The Idiot’s Guide to Bearable Computing

The Idiot’s Guide to Bearable Computing

Bearable ComputingFacetime. Skype. Google Hangouts. WebRTC. Telepresence. Teleconference. Whatevs.

Real-time video communication is – literally – in our faces at every turn.

Well then – why is so much of it so horrifically terrible to participate in?

You know what I’m talking about.

You schedule an interview with a prospective employee, who dials in from a crowded Starbucks (check). You connect with an important and hard-to-get guest lecturer, who has the camera pointed at the top of his head the entire lecture (check). You can’t hear other participants because of the horrible echo coming from one of the dialed in members in the call (check). You sit for an hour in front of an unmoderated webinar, wishing you could get that hour of your life back (check, check, check).

It doesn’t have to be this bad. Truly.

In fact, I have a little side career mission to promote what I call Bearable Computing (see what I did there?) – a mission to promote responsible technology use, that isn’t distracting, idiotic, or simply indigestible.

Let’s start with first principles, regarding videoconferencing.

  • Before you schedule a webinar or videoconference, be 100% certain you have something important and interesting to share or say. If you don’t have an agenda, a moderator, or a topic, you should bail. Now.
  • You should NEVER participate in a video call without headphones. Ever.  Echo cancellation has gotten tons better over the years, but is still imperfect. Please. Think of the children. Wear headphones.
  • You should try your utmost to connect via a wired, rather than a wireless, internet connection. Why? Because if I’m fixated on your pixelated and broken signal trying to come across whatever bogus hotspot you’re leaching down at your favorite watering hole, I’m NOT concentrating on the content of the conversation. Iffy wifi / bandwidth is the death of most video calls. Get a wire.
  • Buy a good microphone. The difference between good sound and great sound is the difference between lightning and lightning bug (with apologies to Mark Twain). Do it.
  • Use the best camera you can afford. Built in cameras, even for Macs, are OK in a pinch… but if you can splurge for a really good camera, it’ll change your videoconferencing life. And while I’m talking cameras, if you DO use your built in laptop’s camera, at least raise the camera to be at your eye level. Looking up your nose for an hour is not where it’s at. At. All. Take the time to frame your video. For the love of Pete.
  • Have good lighting.
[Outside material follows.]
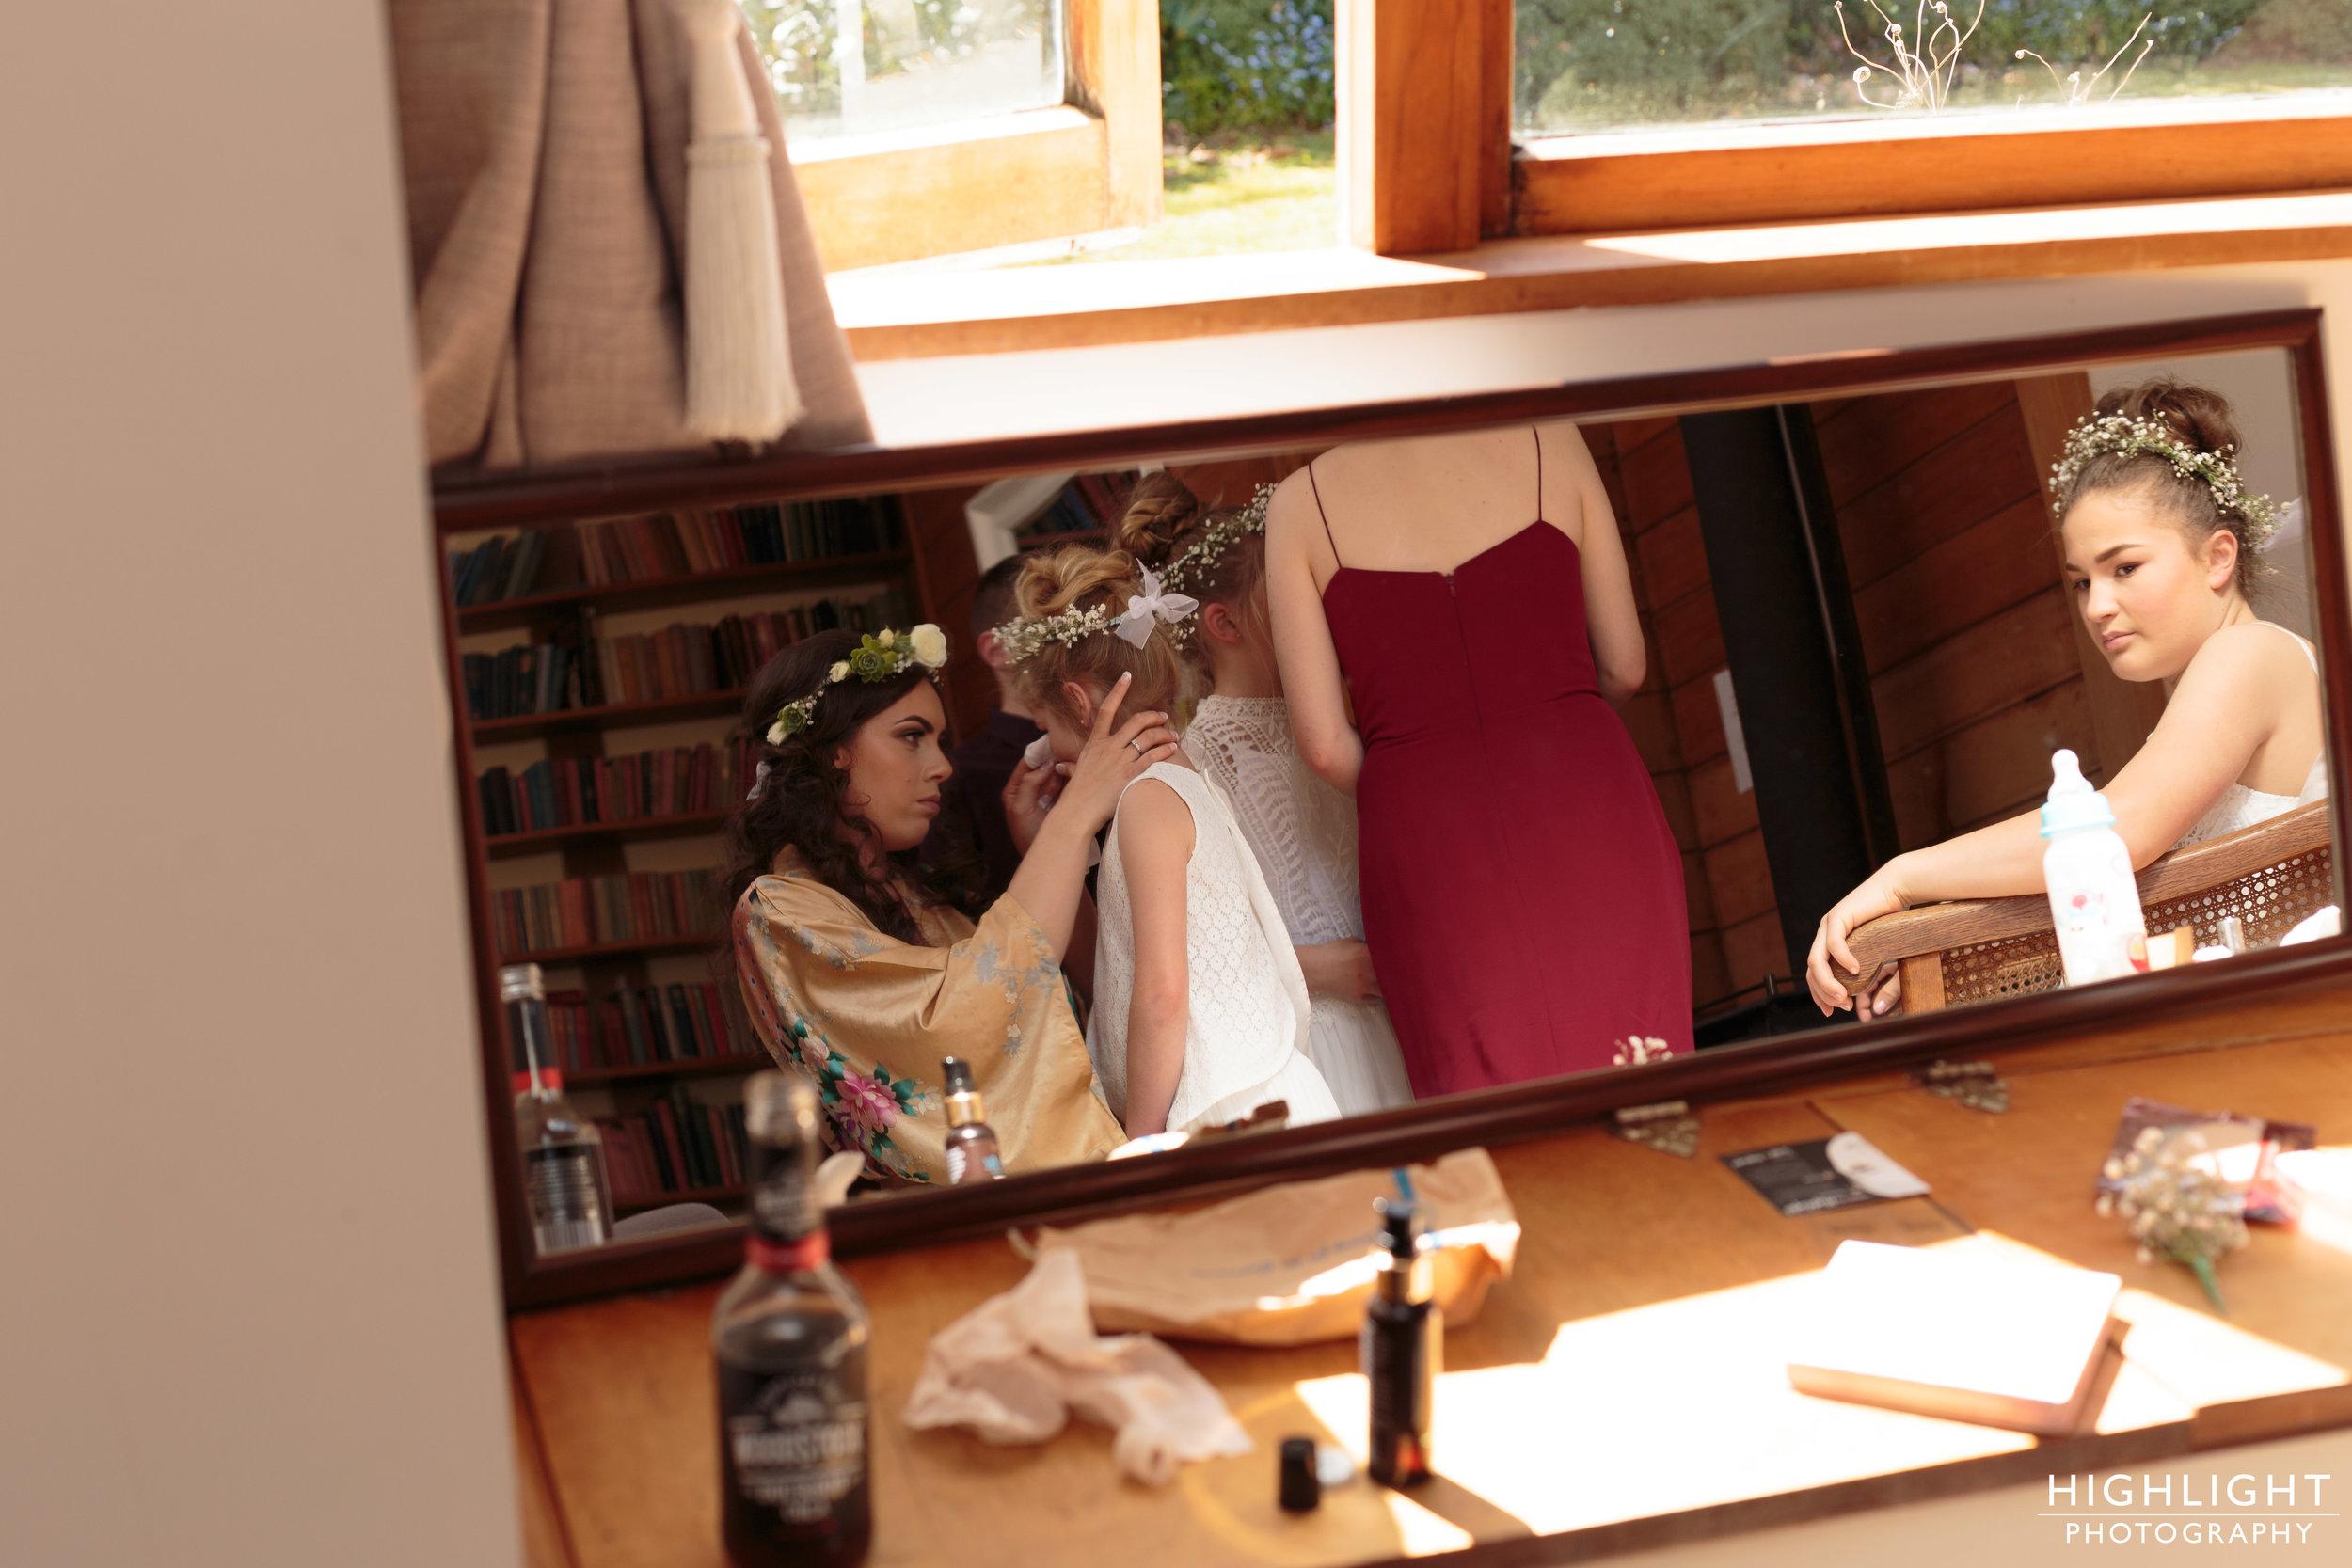 highlight_wedding_photography_makoura_lodge_manawatu_new_zealand-39.jpg

You’re going to the trouble to do a video call. What good is a video call, if no one can see you? Corollary: DON’T sit with a huge window at your back – silhouettes really aren’t that interesting…  unless you’re going for some “All the President’s Men” effect. Then, by all means. Otherwise – no. No. No.
  • Avoid dead air. Dead air is death to an otherwise interesting video call. In a hangout, sometimes it’s unavoidable. In a presentation? Inexcusable. The best way to solve this is to have a designated meeting convener who acts as the moderator for EVERY video call. Every. One. Always.

A few final notes: at our school, we record about 1TB plus worth of video in our media center each year. We see a lot of video. Some good. Some double-plus ungood. The common theme of bad video? It’s unwatchable. Bad lighting. Terrible framing. Horrible sound. Bad content. The same is true of unbearable teleconferencing: bad content, horrible framing, terrible video quality, spotty sound.

In short, before you sit down to participate in a video call, ask yourself: would / could I watch this video call, again, without being bored to tears? Is what I’m presenting watchable, in the least?

By using the right tools, and finding a good internet connection in a quiet distraction-free spot, you’ll greatly improve your chances of having a truly positive video experience.

We don’t all have to be consummate media professionals in order to effectively communicate via video.

But neither do we have to phone it in (Really. I’m stopping now).